Wendy wished she had a memory of doing something special with her mother—besides arranging flowers. But her mother and father were always busy in the shop. If Wendy had ever complained, her parents made her feel guilty, insisting they were toiling away for her future. It was difficult for her to be angry with them after they’d help pay for her college education.

“Who knows where I’d be now if I’d been raised by a mother and a father,” Porter said.

If you’d been raised by my parents, you wouldn’t have had nearly the fun you had on the farm. And I guarantee you wouldn’t be driving a livestock truck.

Hoping to divert the conversation away from her childhood, she asked, “What are your hobbies?”

“Just rodeo. There’s nothing like the rush of competing against a bull or bronc.”

“Dixie said you and your brothers used to sneak onto your neighbor’s property and ride his cows.”

“Fred Pendleton and his wife, Millie, never had kids of their own and they ratted on me and my brothers every chance they got.”

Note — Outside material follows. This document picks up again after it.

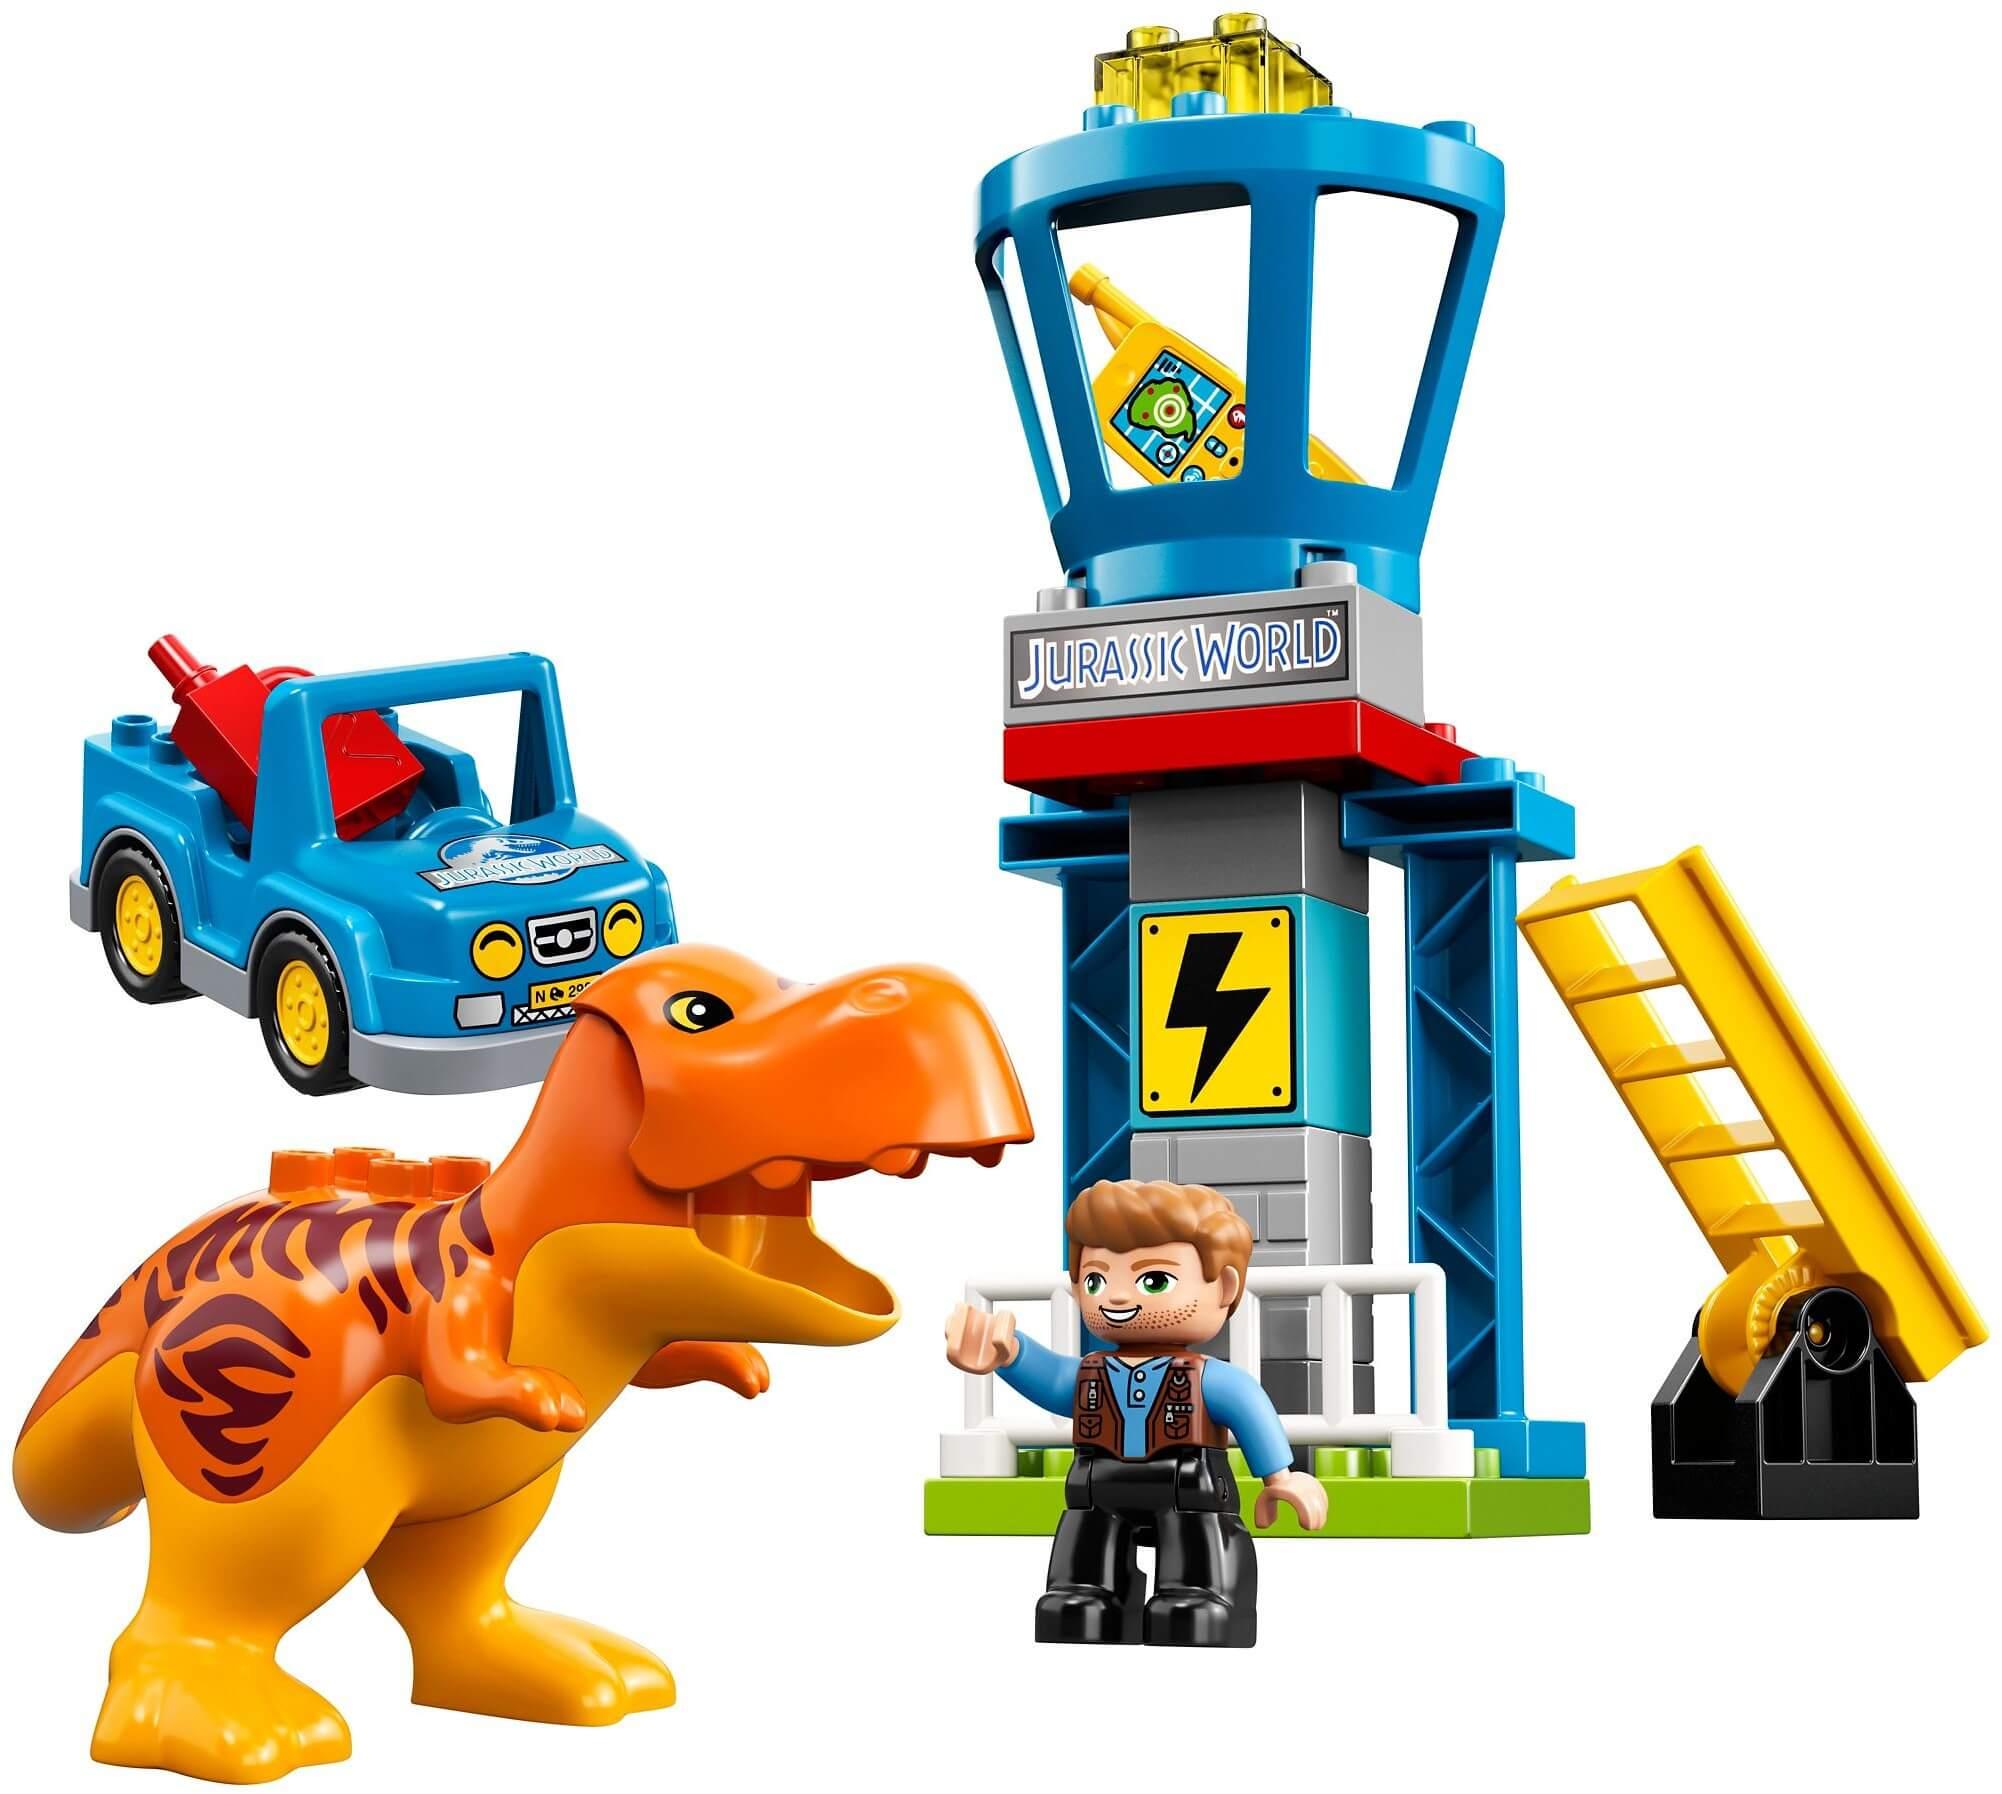 Mua đồ chơi LEGO 10880 - LEGO DUPLO 10880 - Xếp Hình Khủng Long Bạo Chúa của Bé (LEGO DUPLO 10880 T. rex Tower)

“What did your grandparents do?”

“Not much until Conway and Buck got caught letting Pendleton’s prized heifer out of the pasture. The old man called social services and told them that our grandparents were too old to raise a bunch of hooligans and we should be taken away from them.”

“That was mean.”

“A lady from child welfare services stopped by the farm and threatened to put us all in different foster homes and it scared us kids bad enough that we quit playing pranks on the neighbors.”

Wendy couldn’t imagine the Cash siblings being split up. They were a tight-knit family who looked out for one another.